Yeah that won't fit in a long neck

Reactions: Funny 3


----------



## APBcustoms (Nov 26, 2014)

Tclem said:


> Yeah that won't fit in a long neck



Just use one of your hairsticks tony

Reactions: Funny 5


----------



## DLJeffs (Nov 26, 2014)

When I hear the word "muddler" this is what pops into my mind:
http://i.Rule #2/Jnhyuww.jpg 

If I get strange looks from the person who said it I start thinking about other kinds of muddlers.

Reactions: Agree 1


----------



## APBcustoms (Nov 26, 2014)

DLJeffs said:


> When I hear the word "muddler" this is what pops into my mind:
> http://i.Rule #2/Jnhyuww.jpg
> 
> If I get strange looks from the person who said it I start thinking about other kinds of muddlers.



Before I started making muddlers that's what I always associated with that word. I used to do fly tying back in highschool.


----------



## Sprung (Nov 26, 2014)

Austin, if it makes you feel any better - I knew what a muddler was. I've seen them used, but I've never used one. A good micro-brew beer is usually my drink of choice, and a muddler would be worthless there.

Good job on that B&W Ebony!
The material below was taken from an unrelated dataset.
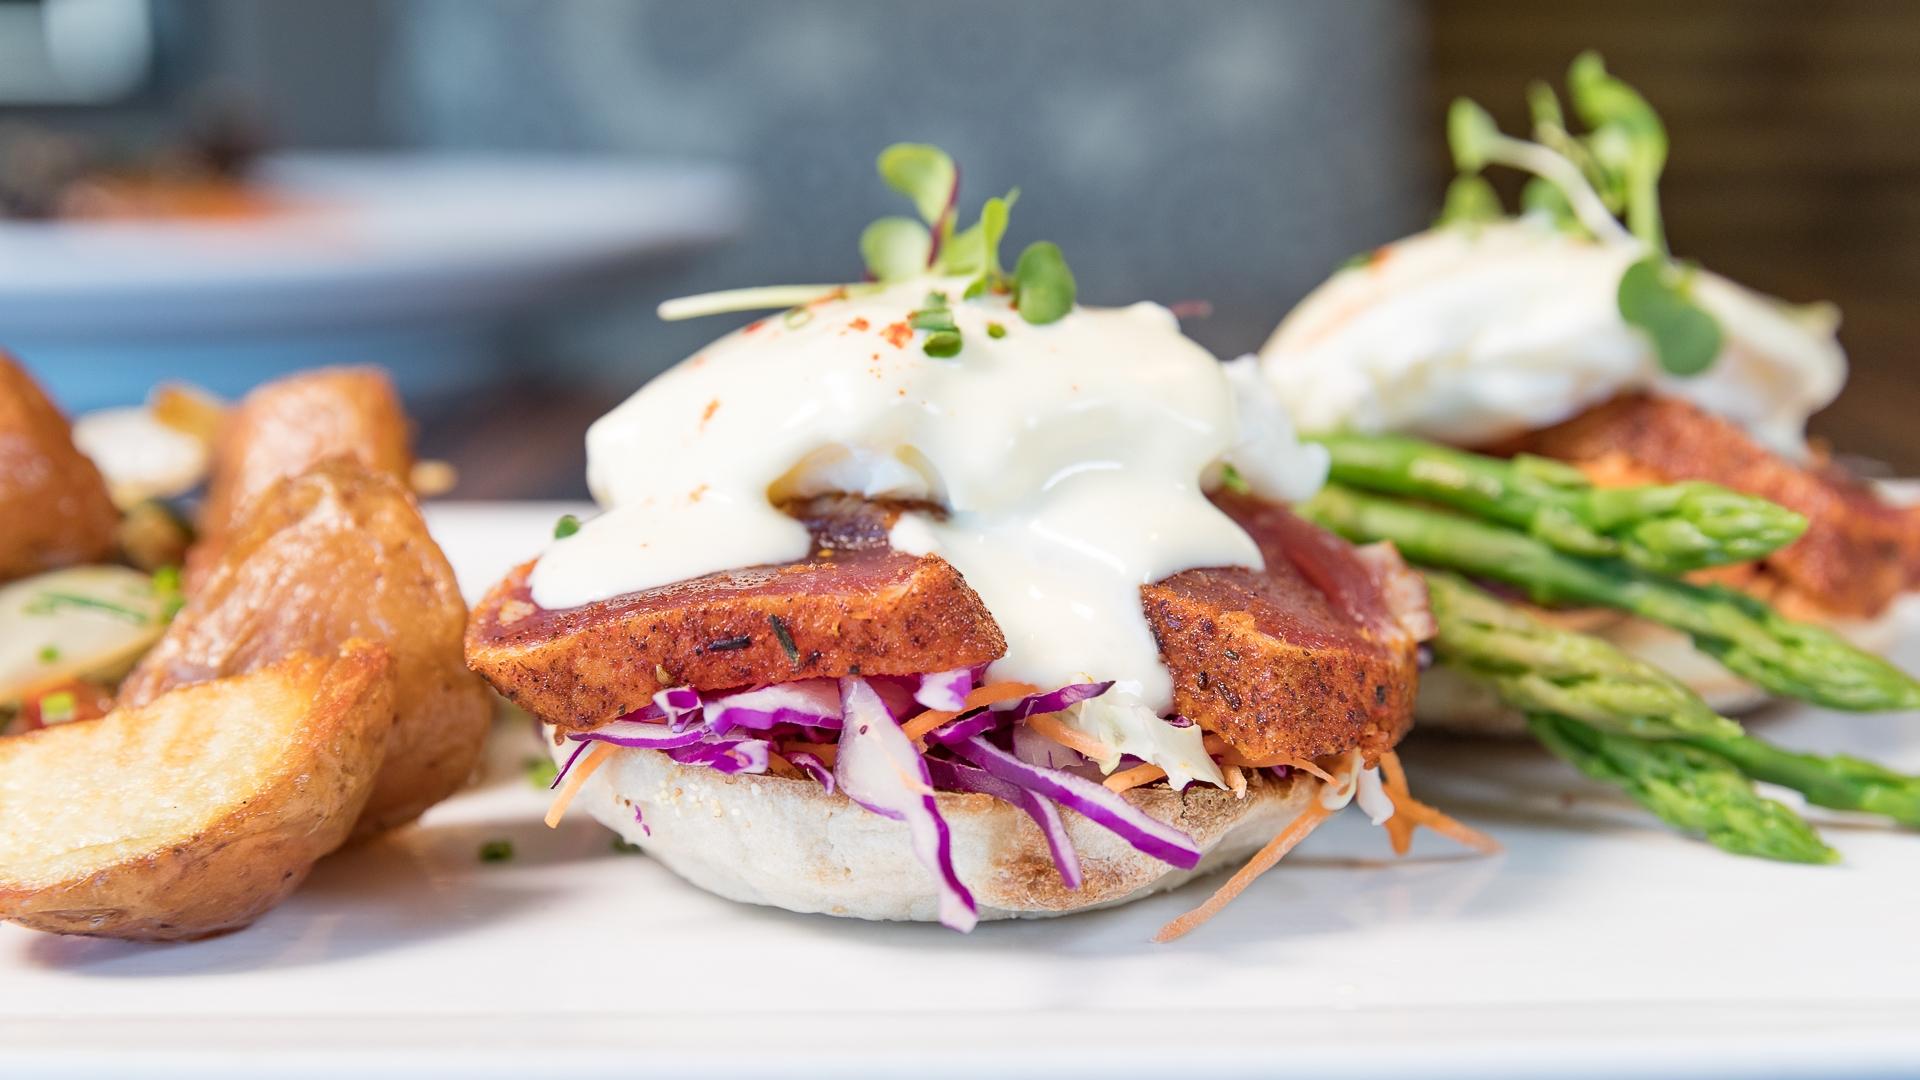 Roy's Kaanapali: Ahi Benedict | Roy's Blackened Ahi, Ponzu Veg, Grilled Asparagus, Red Bliss Fried Potatoes, Yuzu-Hollandaise

Really like the looks of it - someday I'm going to have to get myself some B&W Ebony.


----------



## APBcustoms (Nov 26, 2014)

Sprung said:


> Austin, if it makes you feel any better - I knew what a muddler was. I've seen them used, but I've never used one. A good micro-brew beer is usually my drink of choice, and a muddler would be worthless there.
> 
> Good job on that B&W Ebony! Really like the looks of it - someday I'm going to have to get myself some B&W Ebony.



amazon exotic hardwoods has awesome black and white ebony not dry though and it cracks really easily. im thinking about buying 5 blanks and shelfing them for a few years

Reactions: Like 1


----------



## ripjack13 (Dec 3, 2014)

APBcustoms said:


> amazon exotic hardwoods has awesome black and white ebony not dry though and it cracks really easily. im thinking about buying 5 blanks and shelfing them for a few years



I just looked at their site.....They are ridiculously over priced on a bunch of their stuff. I can't imagine how they stay afloat....


----------



## APBcustoms (Dec 3, 2014)

ripjack13 said:


> I just looked at their site.....They are ridiculously over priced on a bunch of their stuff. I can't imagine how they stay afloat....



Some of there prices are ok but some are crazy for sure

Reactions: Agree 1


----------